When Insite, Canada’s first safe consumption site, opened in Vancouver, B.C. in 2003, Felicella had been a drug user in the city for ten years.
He recalls living through the public health crisis of the 1990s in the Downtown Eastside, dealing with the high risk of contracting HIV and overdosing. In 1997, injection drug users in the Downtown Eastside neighbourhood were contracting HIV/AIDS at an estimated rate of 20 per cent per year.
Intravenous drug use raises the risk of contracting HIV/AIDS through the possibility of sharing needles with someone who has HIV/AIDS.
In 2017, 67 per cent of people who were newly diagnosed with HIV in Saskatchewan reported injection drug use, compared to 28 per cent of the infections that year being related to sexual contact.
Into the early 2000s, Felicella said “There was a huge public outcry for drug users to have a safe injection site,” as it would address both the high rates of overdose and HIV/AIDS in the neighbourhood.
In 2002, Larry Campbell, a former Royal Canadian Mounted Police officer, was elected Vancouver mayor, and promised to open a safe injection site. However, a police crackdown on drug users hit Vancouver’s Downtown Eastside before Campbell’s promise could be fulfilled.

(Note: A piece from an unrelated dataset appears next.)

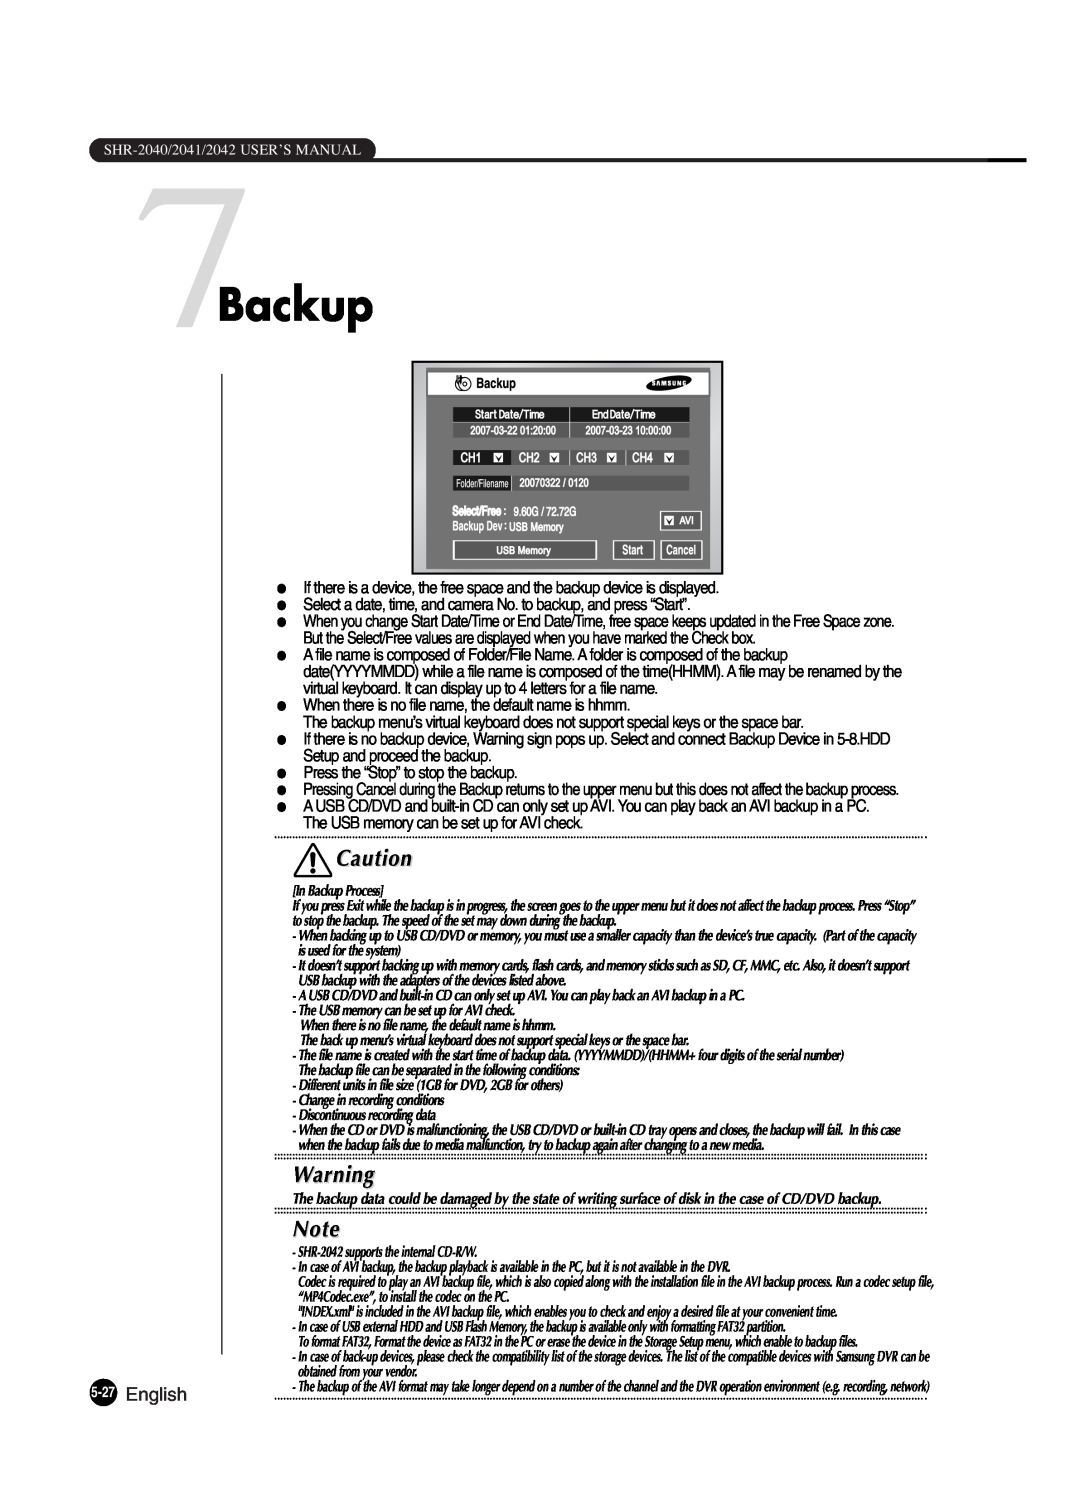 Samsung SHR-2042P250, SHR-2040P250 manual 7Backup, English 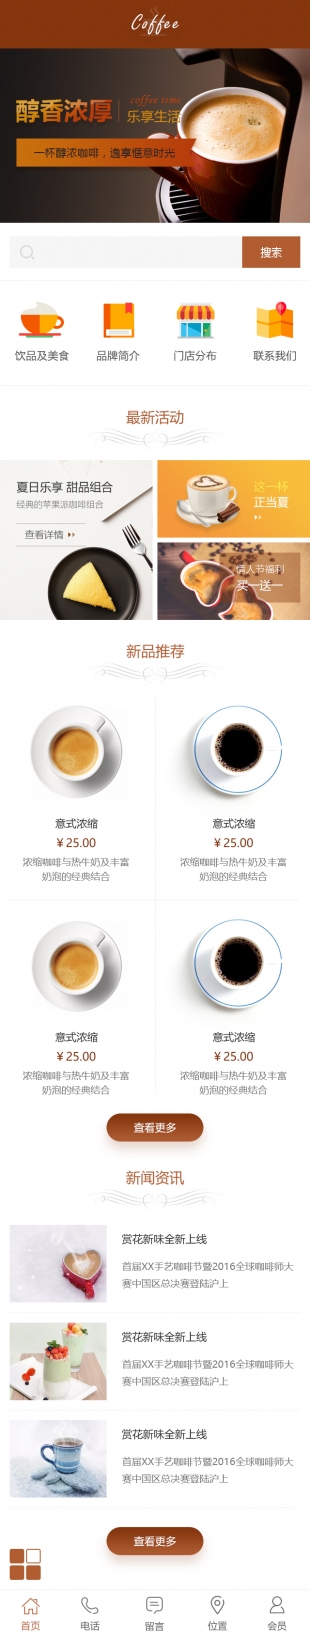 咖啡店类网站通用模板手机图片

In response, local activists and injection drug users protested by opening an unapproved safe injection site which operated for 184 days.
While police, drug users, activists, and multiple levels of government continued to clash over the issue, a Vancouver non-governmental organization called the Portland Hotel Society began building the first safe injection site in North America. Once they announced Insite had been built, government support began trickling in, first from the regional health authority and finally from the federal health ministry.
The federal government granted approval under an exemption within the Controlled Drugs and Substances Act (CDSA) to allow the sites to host consumption of illegal substances, and the site opened with $3 million dollars of annual funding from the B.C. government in 2003.
Russell Maynard, who works in community engagement for the Portland Hotel Society, reflects that Insite was ahead of its time, both in its approach to drug use, homelessness, and the intersections of those issues.
Just a few decades ago, Maynard recalls the common-sense approach to homelessness being less accessible.
Maynard describes the past attitude toward homelessness as being, “We can’t house someone who’s chaotic or living on the streets with obvious mental health and addiction issues. You have to somewhat manage those issues, and then those people are houseable.”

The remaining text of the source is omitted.